The deployed neural network architecture, which the authors designate the description ‘STD-Net’, is not novel and has been used elsewhere where there are severe constraints on the extent of the training dataset. The motivation and potential applications of this work is well articulated by the authors and there clearly are advantages to a computationally efficient computational spectrometry architecture for a variety of emerging applications.

The hypothesis is that the NN architecture adopted allows robust reproduction of spectral information for real-world applications and the core assumption is that the available spectral data sets (here CAVE and ICVL) are sufficiently representative to assess the generic efficacy of the approach.
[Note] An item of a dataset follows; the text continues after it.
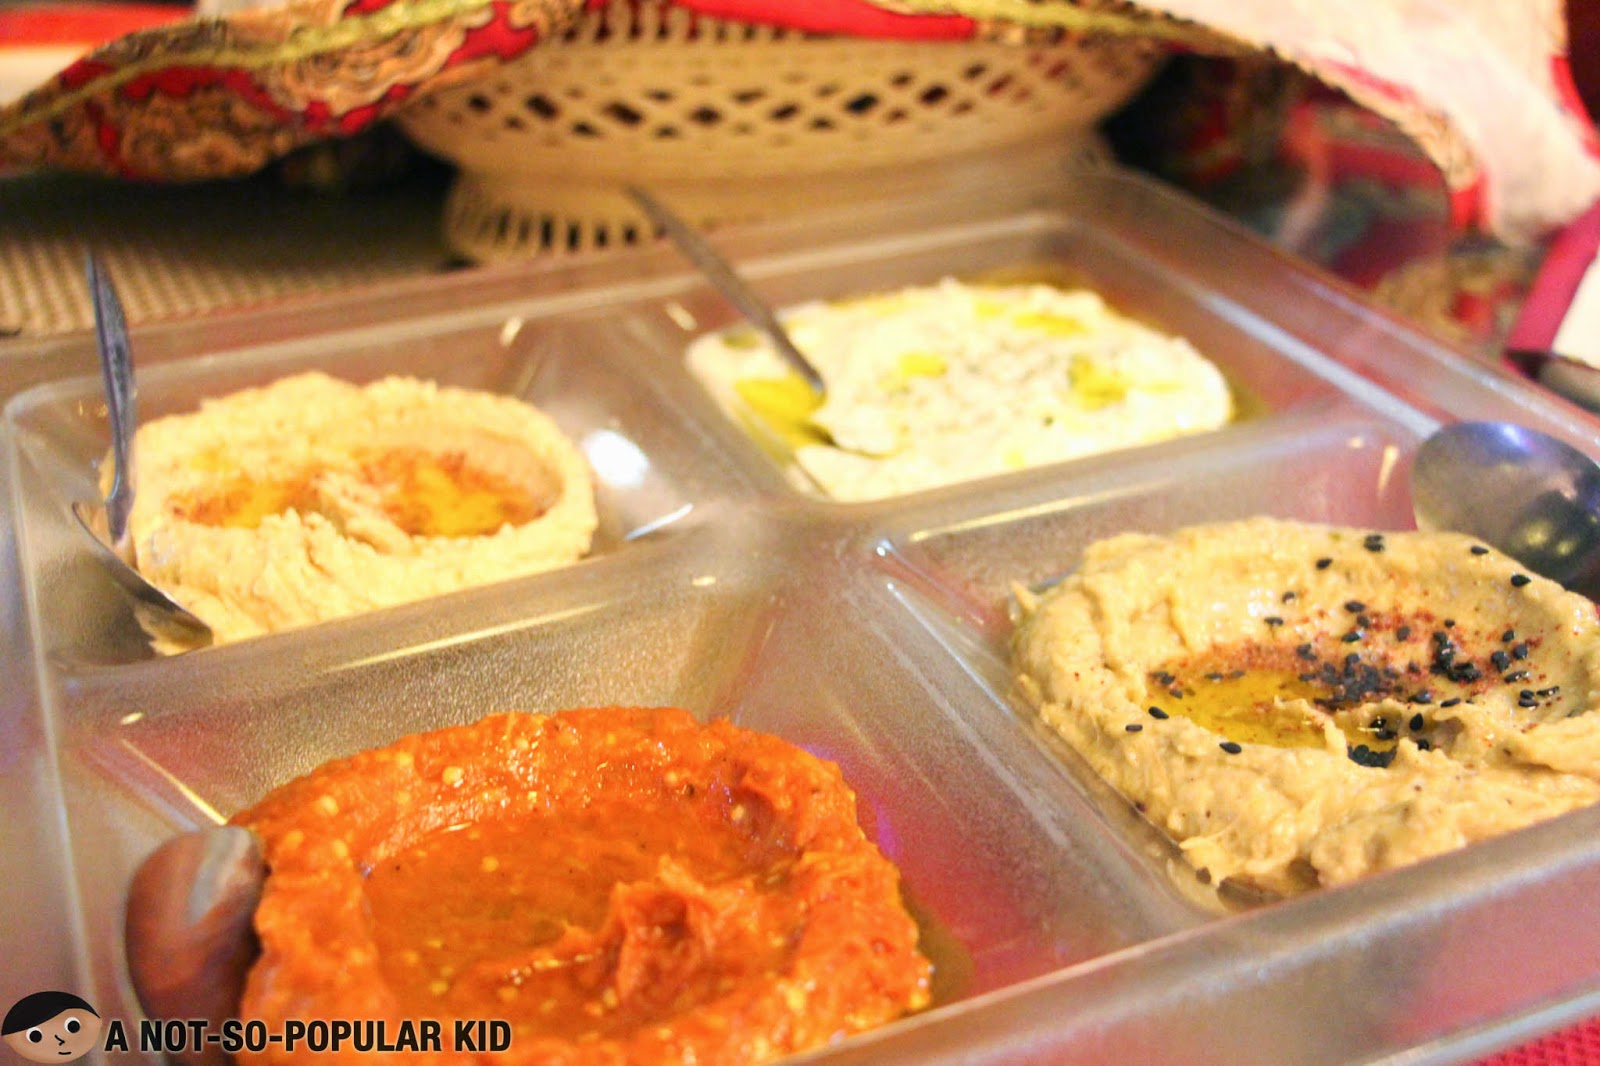 Arya DIp Platter: Hummus, Motabal, Tzitziki & Mirza Ghasemi

The simulation and testing methodologies outlined in the paper are reasonable, and relevant metrics including accuracy and robustness are fairly assessed for highly constrained data sets. Whilst the paper is interesting and useful there remain several unanswered questions, including the reliability of assessing efficacy based on CAVE and ICVL. The claims made by the authors are not exaggerated and there is an acknowledgement that this work is exploratory, however the paper would benefit from a more convincing discussion on the overall validity and limitations of the approach for general real-world  applications.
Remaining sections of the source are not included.